HP CEO: Autonomy Commitment Remains
Despite the $8.8 billion write-down, the charges of fraud, the impending investigations over accounting wrongdoings and possible lawsuits and the vitriolic war of words, Hewlett-Packard (NYSE: HPQ) still loves Autonomy, the U.K. enterprise management software vendor it bought in August, 2011 for a kingly $11.7 billion.
How do we know this? Because HP chief Meg Whitman just said so. At a London roadshow for the vendor’s new Project Moonshot servers along with a stopover at Autonomy’s headquarters in Cambridge (where 500 people work), Whitman not only praised its technology but also said the developer is “critical to our strategy,” quickly dispelling any notion that HP wants to dump it to the highest bidder.
“This is terrific technology,” she said. “It’s almost magical technology. What it allows customers to do to understand all the unstructured data, the application to legal and compliance – it is terrific technology.” And, about the reassuring part to soothe skittish Autonomy employees? “We remain committed to this technology, we remain committed to Cambridge, we remain committed to the UK, we are going to grow this business.”
This from the HP leader who, in the wake of the Autonomy revelations, pointed the finger anywhere and at anyone she could. If you recall, she said if she had to do it over again she wouldn’t have voted for the acquisition, she blamed former HP chief Leo Apotheker and the accounting firm Deloitte, and, of course, former Autonomy founder Mike Lynch, while freeing from responsibility HP’s board of directors and chief financial officer Cathie Lesjak, the only person who realistically, earned a pardon owing to her initial, vehement opposition to the deal.

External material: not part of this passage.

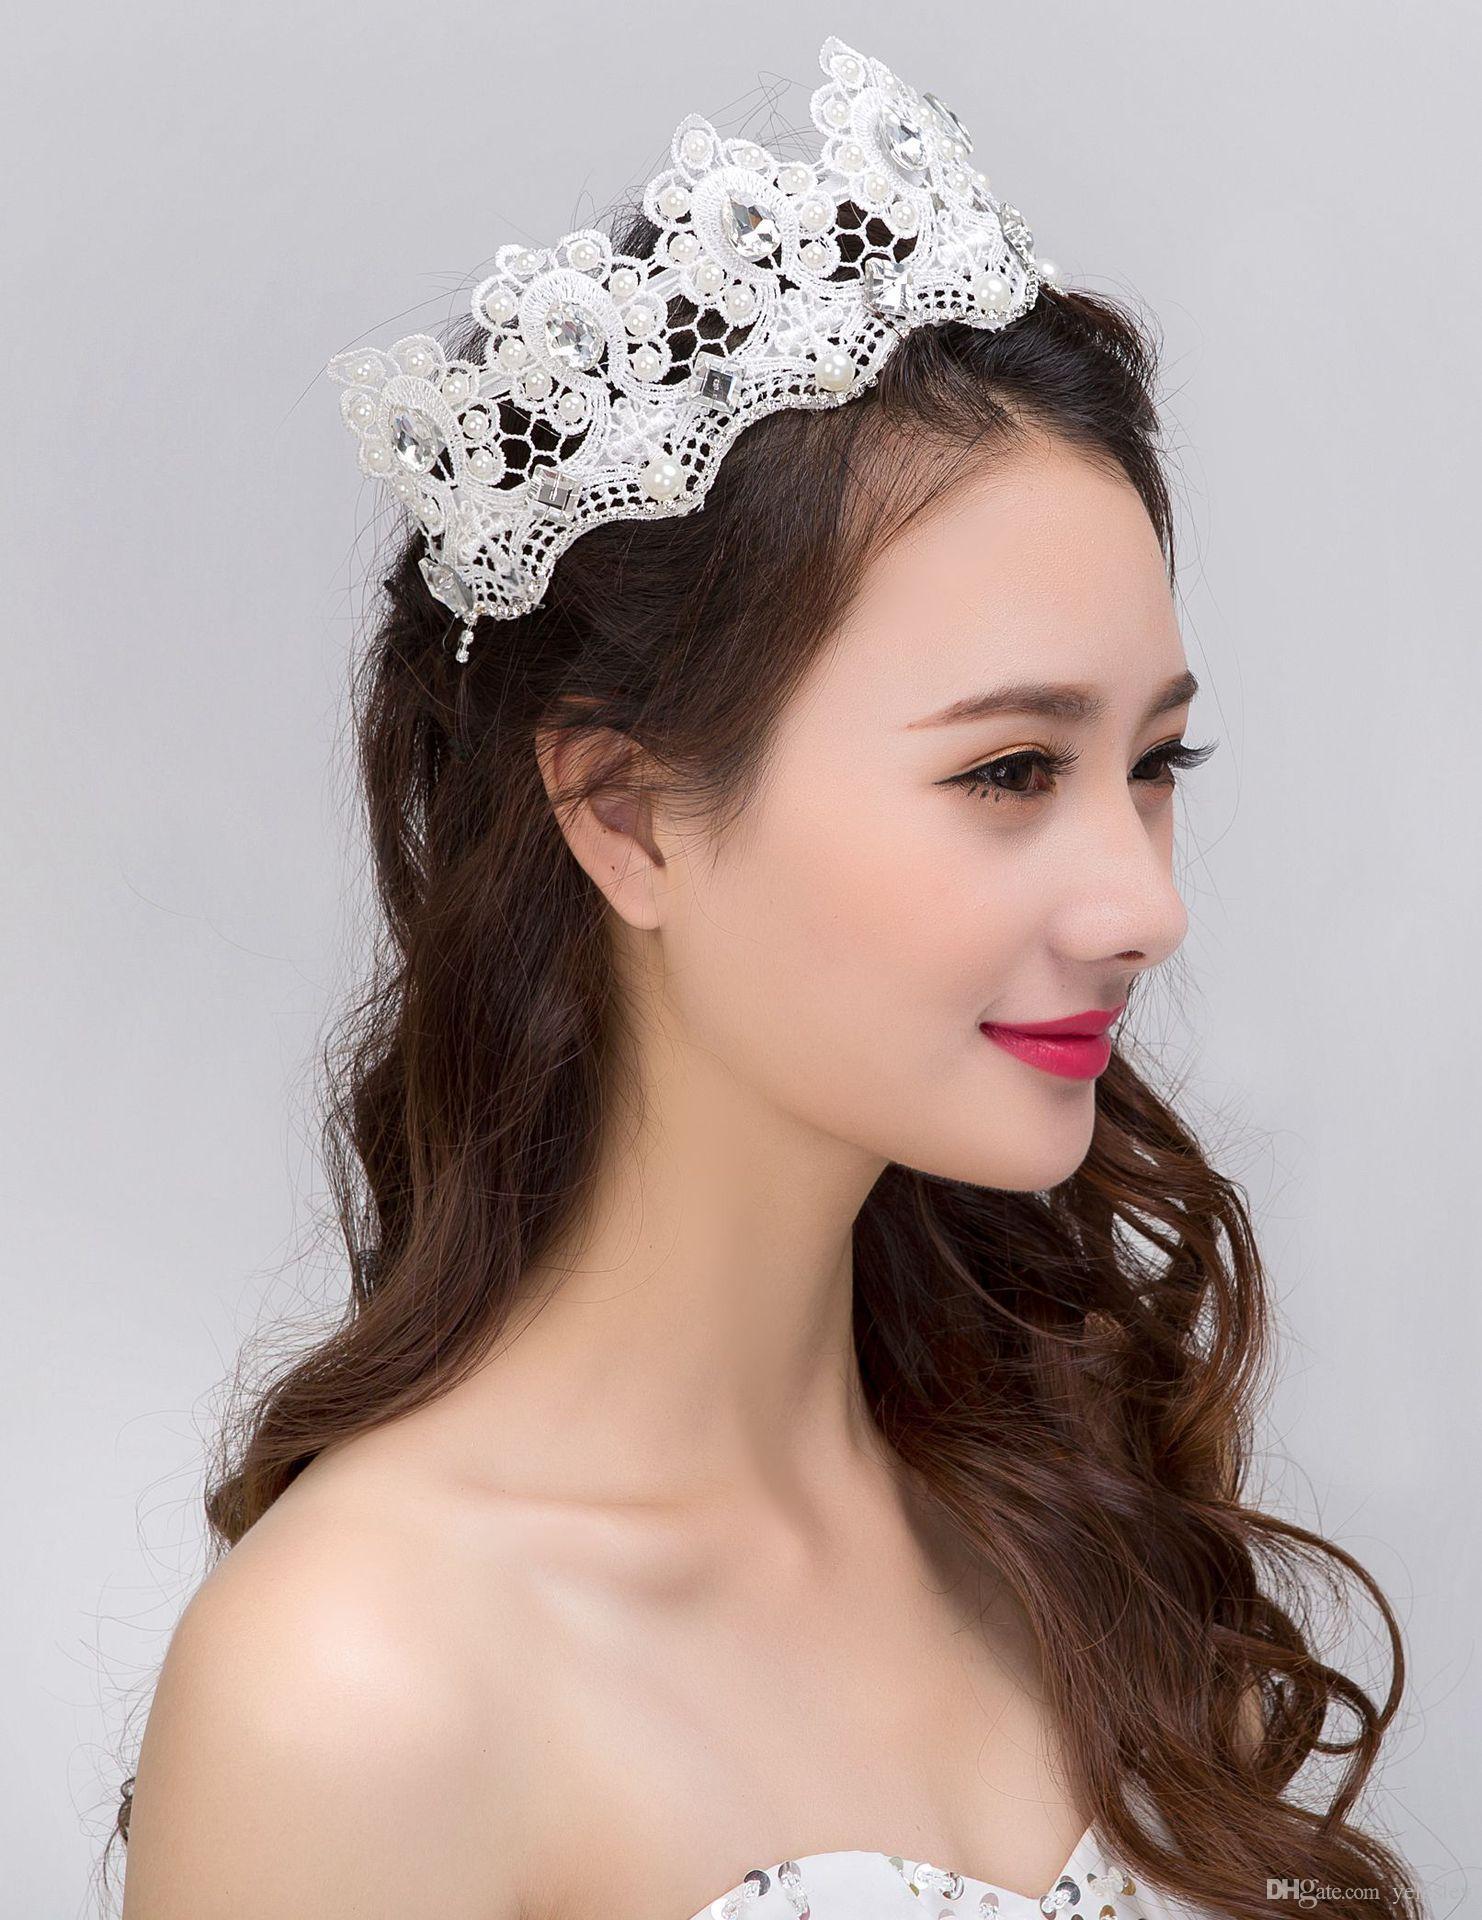 Wedding hair jewelry Royal Crowns Shiny Crystals Real Sample Bridal Wedding Tiara Tiaras Hair Accessories 2016 head pieces Tiara Crystals

As for disclosing the swiss cheese aspects of the Autonomy deal, Whitman said that the “magnitude of the accounting improprieties, the disclosure failures, the outright misrepresentations, was so substantial that there was not even an option to not be straight up about this, because we needed to explain to our investors, to employees, what had actually happened here,” adding, “with 20/20 hindsight, knowing what we know, now we paid too much.”
HP recently said Autonomy’s new channel partner program will map to the vendor’s broader PartnerOne program, which means existing HP partners should be able to rapidly incorporate Autonomy’s technology into their portfolios. Multiple HP product groups (storage, servers, networking) are expected to cross-integrate their solutions with Autonomy.